Eventually, you may consider associating with a formal organization. Guilds (Adventurers', Merchants', Thieves', Mages', Extremely Specific Basket Weavers') offer potential benefits like training, quests, protection (sometimes), and access to resources. However, they also come with rules, fees, obligations, and often, internal politics more dangerous than any dungeon crawl.
Common Guild Types & What to Expect:
- Adventurers' Guild: The classic. Kill monsters, clear dungeons, escort caravans. Expect high risks, variable pay, frequent injuries, and teammates who might steal your loot or use you as bait. Entry often requires a basic competency test (i.e., surviving the first quest). (See Module 45: Adventurer Party Dynamics - How Not to Get Killed by Your Friends).

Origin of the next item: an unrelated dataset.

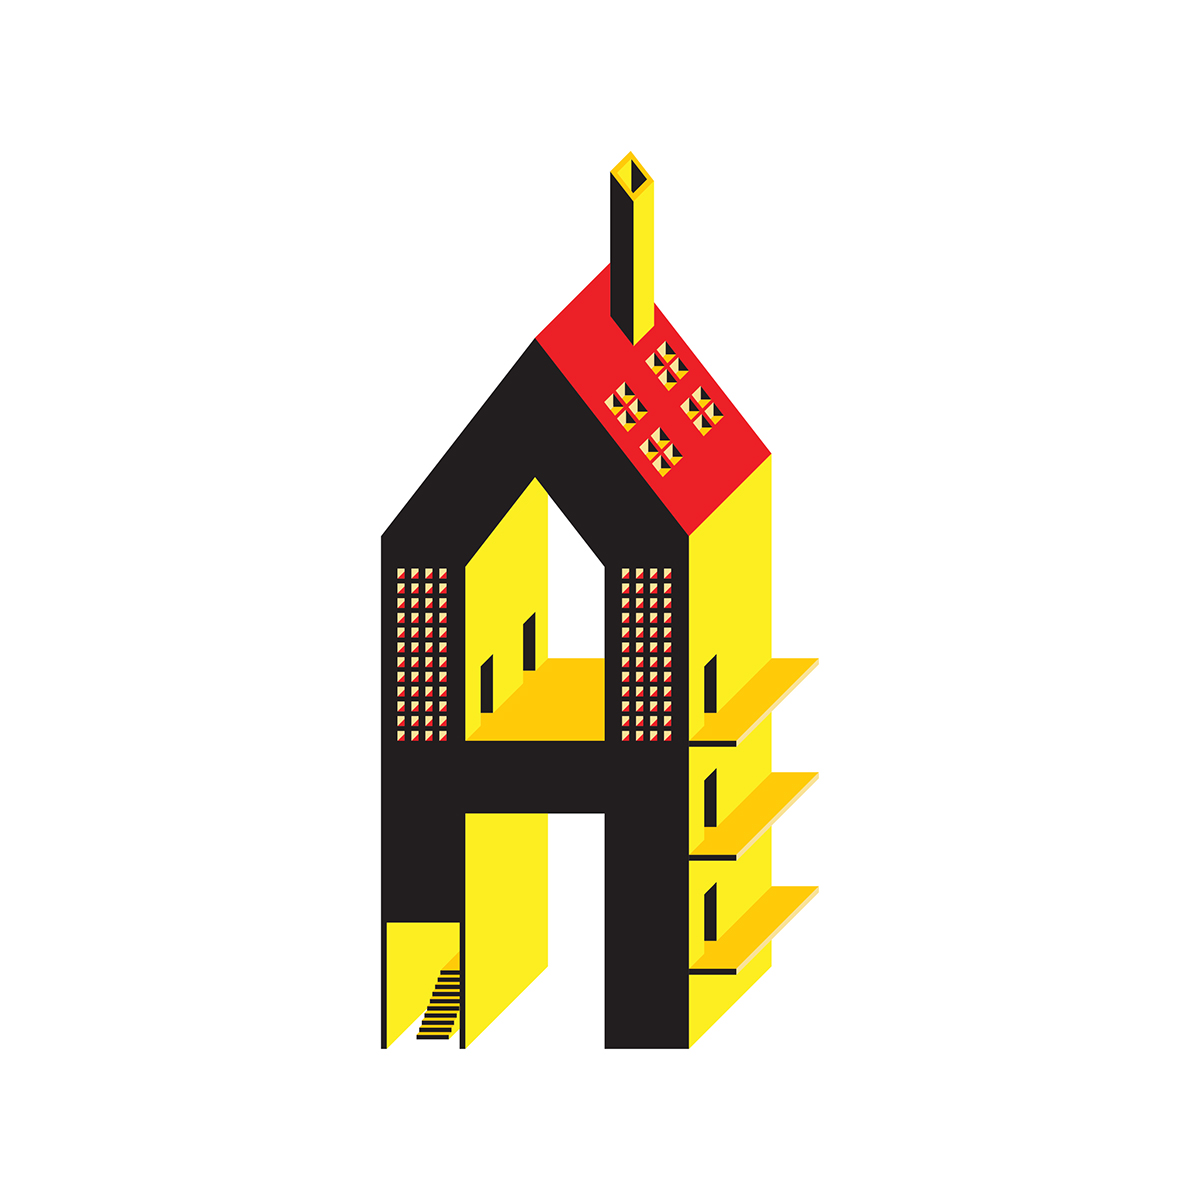 houses letters DearArchitecture Competition New York agency red blue green yellow 100houses gif black stairs windows

- Merchants' Guild: Controls trade, sets prices, resolves disputes (usually in favor of wealthier members). Joining often requires significant capital, connections, or a specific craft. Benefits include trade route access and market information. Risks involve guild taxes, rivalries, and economic warfare. Less stabby than Adventurers' Guild, more backstabby.

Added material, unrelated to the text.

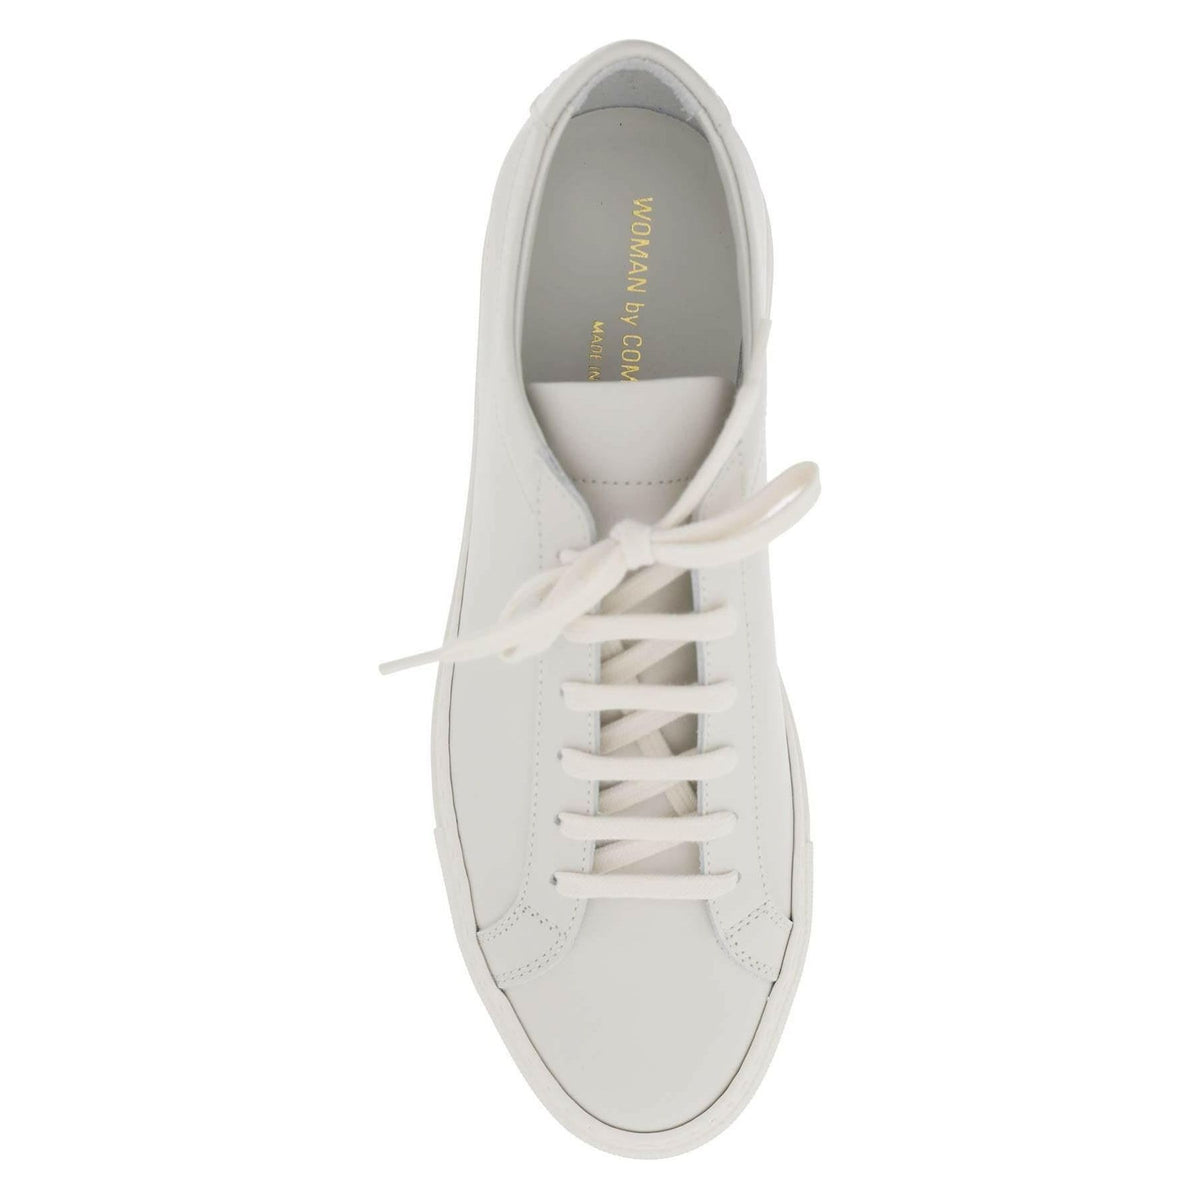 Warm White Original Achilles Low-Top Leather Sneakers COMMON PROJECTS JOHN JULIA.

- Crafting Guilds (Smiths, Alchemists, etc.): Governs standards, training, and resource access for specific trades. Requires apprenticeship and demonstrable skill. Good for skill development and steady (if sometimes tedious) work. Internal politics can be fierce over apprenticeships or masterwork commissions.
- Thieves' Guild: Underground network dealing in theft, information, smuggling, and occasional assassination. High risk, potentially high reward. Requires stealth, contacts, and a flexible moral compass. Getting caught by the Guild is often worse than getting caught by the guards. Betrayal is common. Entry usually involves proving your 'skills' or knowing the right person. (See Section 101: Fences, Fixers, and Avoiding Unplanned Organ Donation).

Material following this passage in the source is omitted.